The Homeowner’s Guide to Lead

What is lead?
Lead is a toxic heavy metal that occurs naturally in the earth. Lead has negative health effects on humans when it is ingested through the mouth, inhaled into the lungs, or enters the body through contact with the skin. Some of the most common sources of lead exposure are lead-based paints, treated wood products, and the lead that escapes from aging water pipes.

Why is lead harmful?
Lead exposure can lead to damage to the brain and other vital organs including the kidneys, nerves and blood. Lead may also cause behavioral problems, learning disabilities and seizures. Children who are poisoned with lead may not show any obvious signs. The World Health Organization estimated that in 2013 lead poisoning resulted in 143,000 deaths and contributed to 600,000 new cases of children suffering with intellectual disabilities.

Should my home be tested for lead?

To insure the health and safety of your family, your home should be tested for lead risks if any of the following are true:

  • a child has been diagnosed as having elevated blood lead levels
  • small children will be living in a home built before 1978
  • planning to remodel or do anything that will disturb lead-based paint
  • an activity may generate lead-based paint dust and chips
  • buying or renting a home
  • there is concern about possible lead exposure to yourself, your family or your pets

What about lead paint?

Lead Paint Inspections
A lead-based paint inspection is a surface-by-surface inspection to determine the presence or absence of lead-based paint. Our licensed and certified Lead Inspectors use the latest technology to test for lead in sources such as paint chips, dust and soil. All physical samples are tested in a laboratory certified in lead analysis.

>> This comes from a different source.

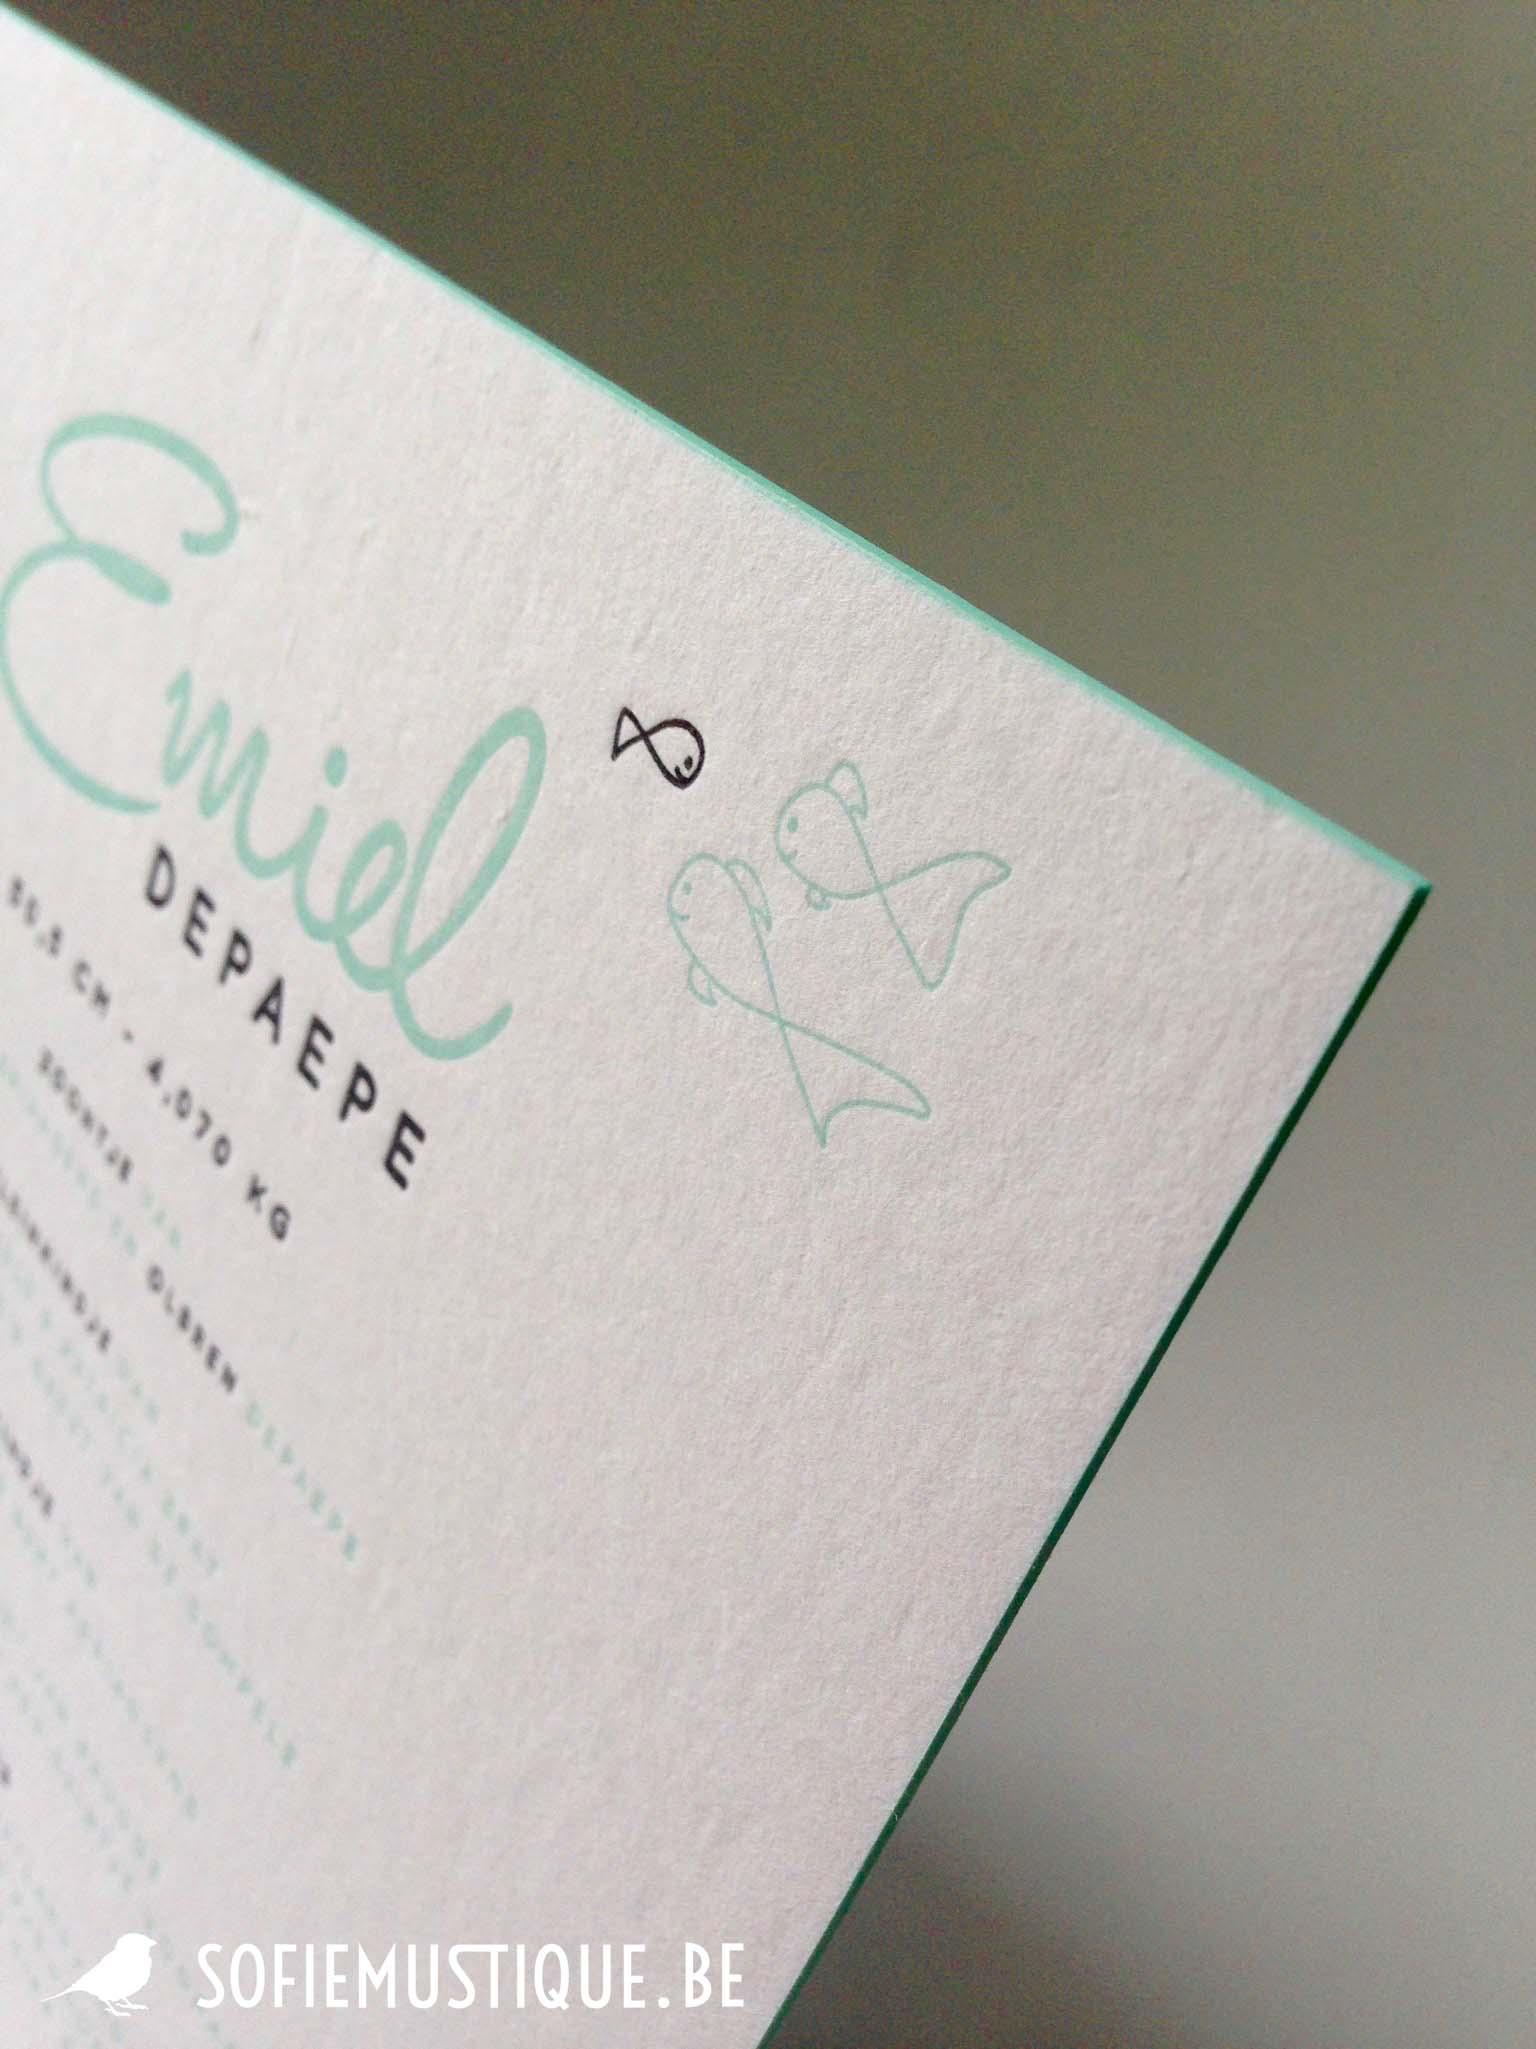 Geboortekaartje Emiel (Letterpress mint muntgroen)

Lead Paint Risk Assessments
A lead-based paint risk assessment determines if any lead-based paint hazards exist in and around a structure, and will provide solutions for reducing and managing any hazards identified. Our licensed and certified Lead Paint Risk Assessors will create a plan to control the lead-based paint hazards. A remediation contractor will then implement the hazard control plan.

Lead Paint Clearance Testing
Lead clearance testing should be conducted after any repair, renovation or any other activity that disturbs lead-based paint. Our licensed and certified Lead Inspectors will visually inspect the work area and confirm that all lead-related work has been properly completed, and test to confirm that the work space is lead-free and ready for safe occupation. All physical samples are tested in a laboratory certified in lead analysis.

What about lead in water?

Most lead contamination in drinking water comes from lead-containing plumbing materials. As these materials age and corrode, lead can dissolve into the water supply. Our technicians will test your home, business, school or industrial property for the presence of lead in the water supply. All samples are analyzed in a laboratory certified by the United State Environmental Protection Agency.